When he was running for president, Barack Obama criticized George W. Bush’s expansive vision of executive power, saying, “I reject the view that the president may do whatever he deems necessary to protect national security.” The day after taking office in 2009, Obama declared that “my Administration is committed to creating an unprecedented level of openness in Government.”
Those two positions went together, because secrecy requires power and power thrives in secrecy, as Obama himself has been demonstrating for the last four years. Three recent cases illustrate how breaking his promise of “the most transparent administration in history” has helped Obama break his promise not to use national security as an excuse to violate civil liberties.
After 9/11, Congress loosened restrictions on national security letters (NSLs), a kind of administrative subpoena, first authorized in 1986, that the FBI uses to demand information from phone companies, Internet service providers, and financial institutions. NSL “requests” skyrocketed from a total of 8,500 between 1986 and 2000 to more than 56,000 in 2004 alone.
The Obama administration has made liberal use of NSLs, which in 2010 allowed the FBI to peruse information about 14,212 American citizens and permanent residents—a new record—without bothering to get clearance from a judge. If you were one of those people, you probably will never know, because NSLs are almost always accompanied by instructions that prohibit recipients from discussing them.
In March a federal judge ruled that such gag orders violate the First Amendment. “The FBI has been given the unilateral power to determine, on a case-by-case basis, whether to allow NSL recipients to speak about the NSLs,” U.S. District Judge Susan Illston wrote. “As a result, the recipients are prevented from speaking about their receipt of NSLs and from disclosing, as part of the public debate on the appropriate use of NSLs or other intelligence devices, their own experiences.”
Just as Americans do not know when the government uses secret subpoenas to look at their telephone, Internet, and financial records, they do not know when the government secretly listens to their conversations or reads their email exchanges with people in other countries. Thanks to legislation that Obama supported as a senator, the government can conduct such surveillance without a specific warrant as long as its official target is located outside the United States and the collection of foreign intelligence is “a significant purpose” of the snooping.
Do such loose rules pass muster under the Fourth Amendment? Since it’s hard to prove you have been subjected to secret surveillance, we are unlikely to get an answer from the courts.
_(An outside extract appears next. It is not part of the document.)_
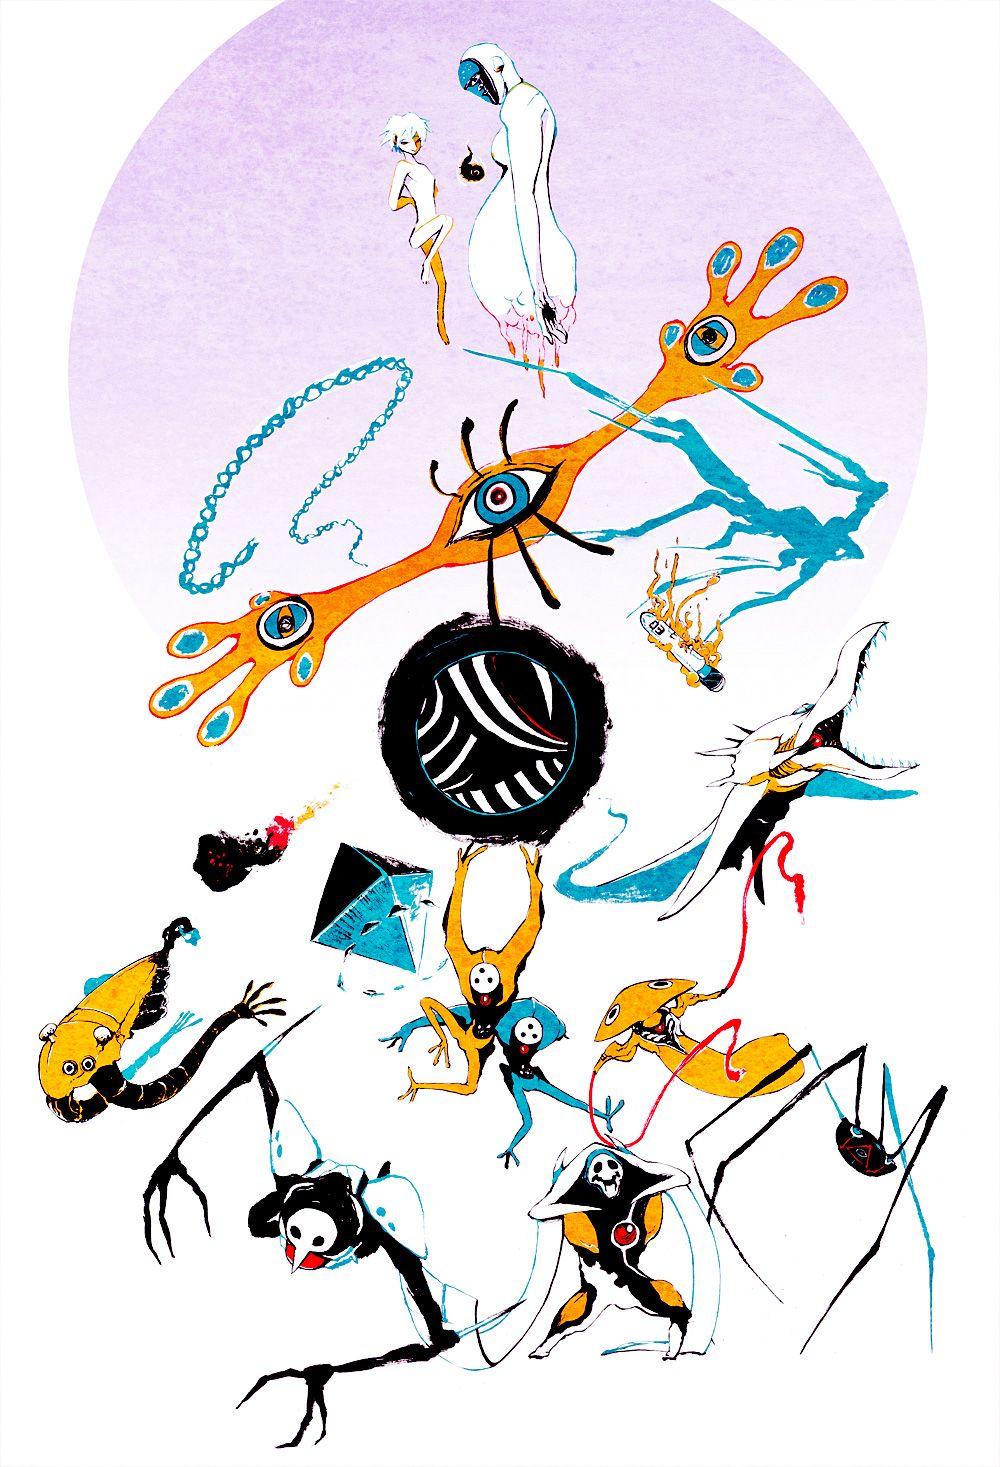 scizlor Neon genesis evangelion, Arte de anime, Neon genesis
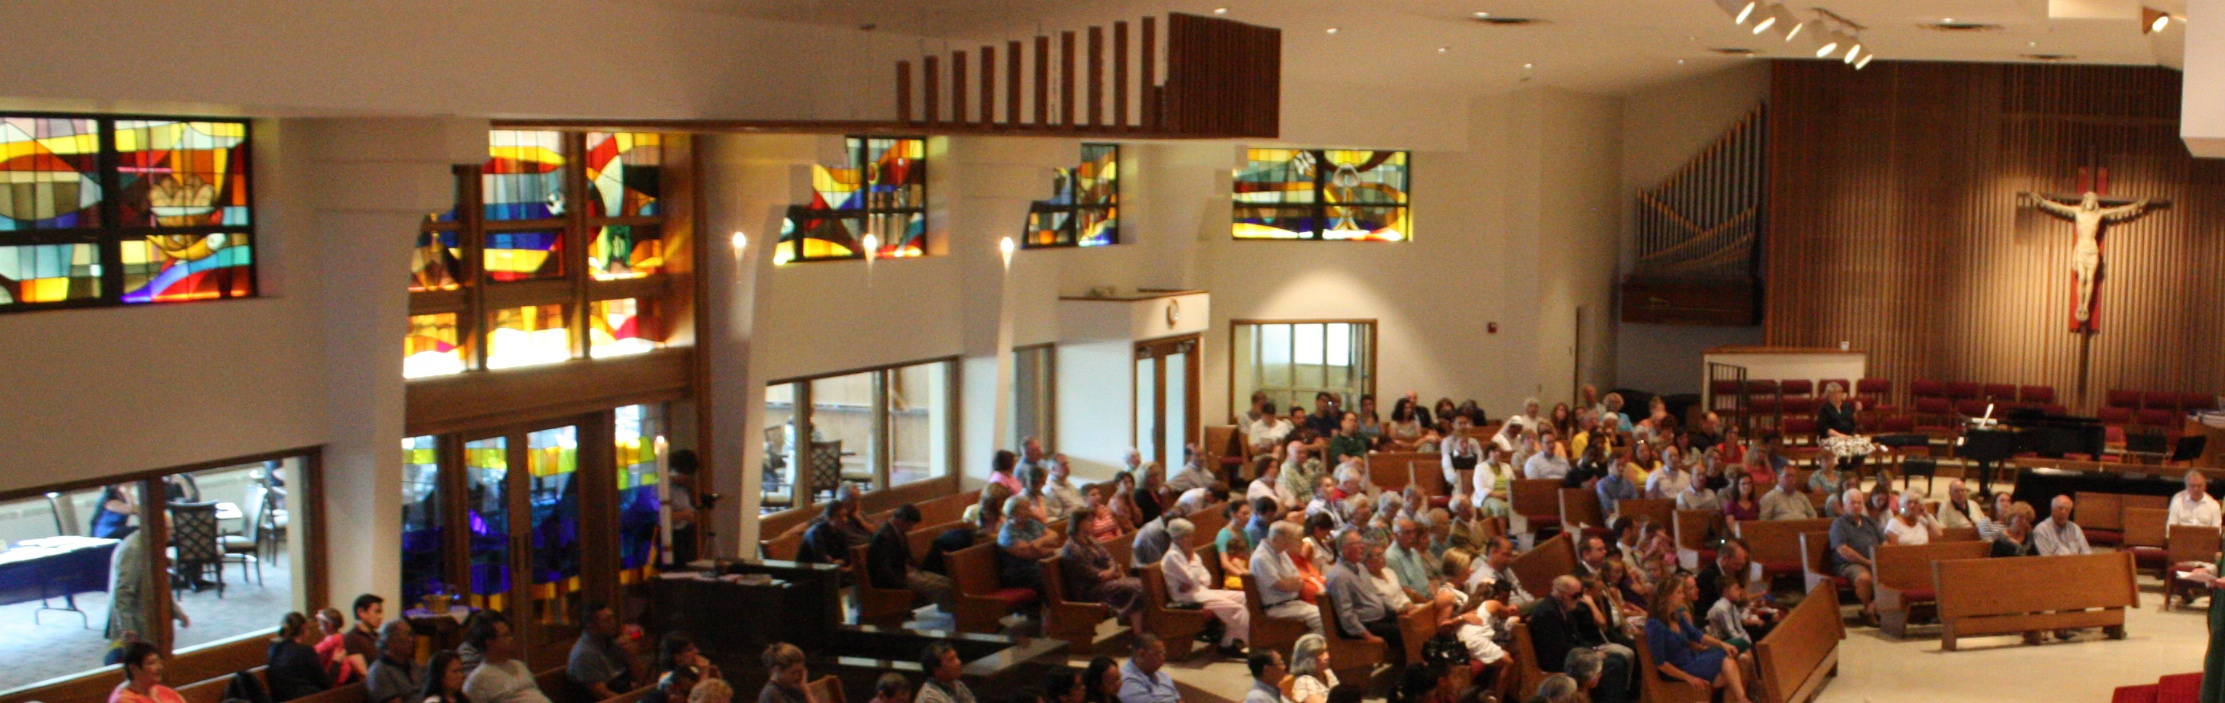 parish cropped for blog.jpg

In February the Supreme Court ruled that lawyers, journalists, and human rights activists who worry that the privacy of their international communications has been compromised do not have standing to sue because “they have no actual knowledge of the Government’s…targeting practices.”
Secrecy frustrates challenges to counterterrorism tactics even in the case of Obama’s most startling claim to executive power: the authority to kill people he identifies as members or allies of Al Qaeda. In January a federal judge ruled that the Freedom of Information Act does not require Obama to disclose the Justice Department memos that explain the legal rationale for this license to kill.
U.S. District Judge Colleen McMahon expressed frustration with that result, saying, “I can find no way around the thicket of laws and precedents that effectively allow the Executive Branch of our Government to proclaim as perfectly lawful certain actions that seem on their face incompatible with our Constitution and laws, while keeping the reasons for their conclusion a secret.” In his State of the Union address the following month, Obama promised to make his “targeting” of suspected terrorists “even more transparent.” I’ll disbelieve it when I don’t see it.